Don't chickens fall into the same category as dogs? People everywhere live
with them wandering around their house, then from time to time they eat one.

Ignoring any other factors, would it be OK to eat a person or dog who had some
brain damage so that nobody could understand the mood or intent of anything
they communicated? Would it be OK for a person with an inability to understand
dogs' (or people's) moods to eat them?

What if a new breed of cow was developed that could get along with people the
way dogs do.

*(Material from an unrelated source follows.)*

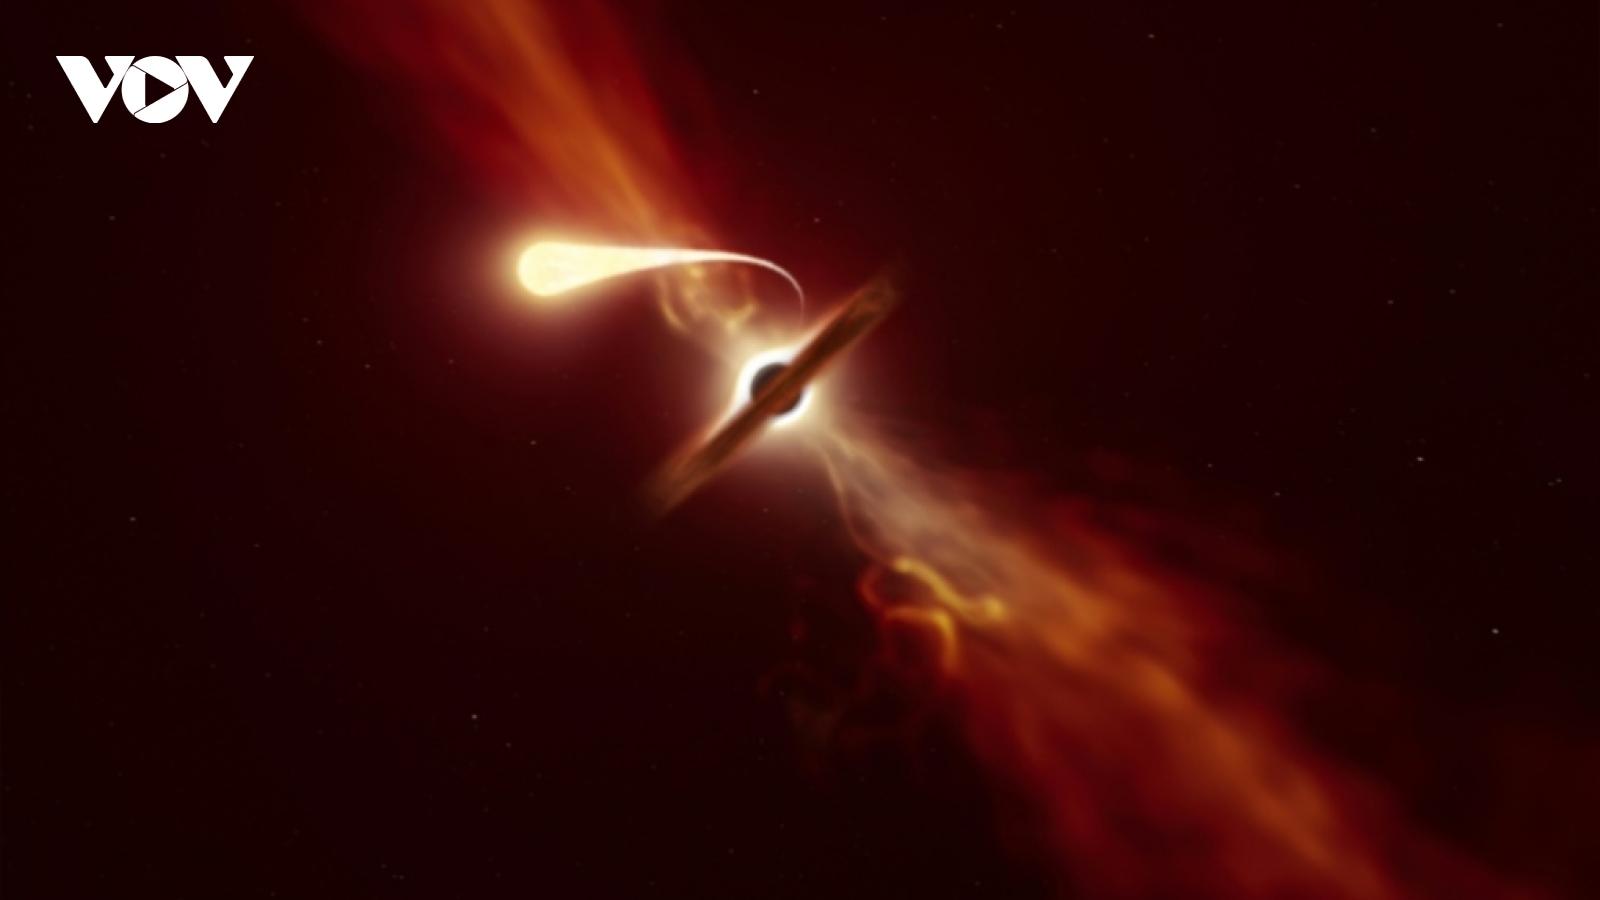 """Video: Khoảnh khắc hố đen """"quái vật"""" nuốt chửng một ngôi sao"""

Would that elevate it to the status of being un-eatable, or not
because it doesn't have the long history of people understanding it like dogs
do?

These might sound like snarky questions, but their answers would help paint a
clearer picture of your idea which, as you've presented it, doesn't make sense
to me.

Personally, I wouldn't eat dog because I can imagine all the dogs I've met and
feel some emotional connection with. But that's just my personal history. If I
was the only one like that, I still wouldn't eat them. You seem to be saying
that if you (or your culture) were the only person/culture who had dogs as
pets, then you would be willing to eat dogs.

You also implied that it's OK to kill humans ("no sympathy"). Is it OK to kill
dogs too as long as we don't eat them?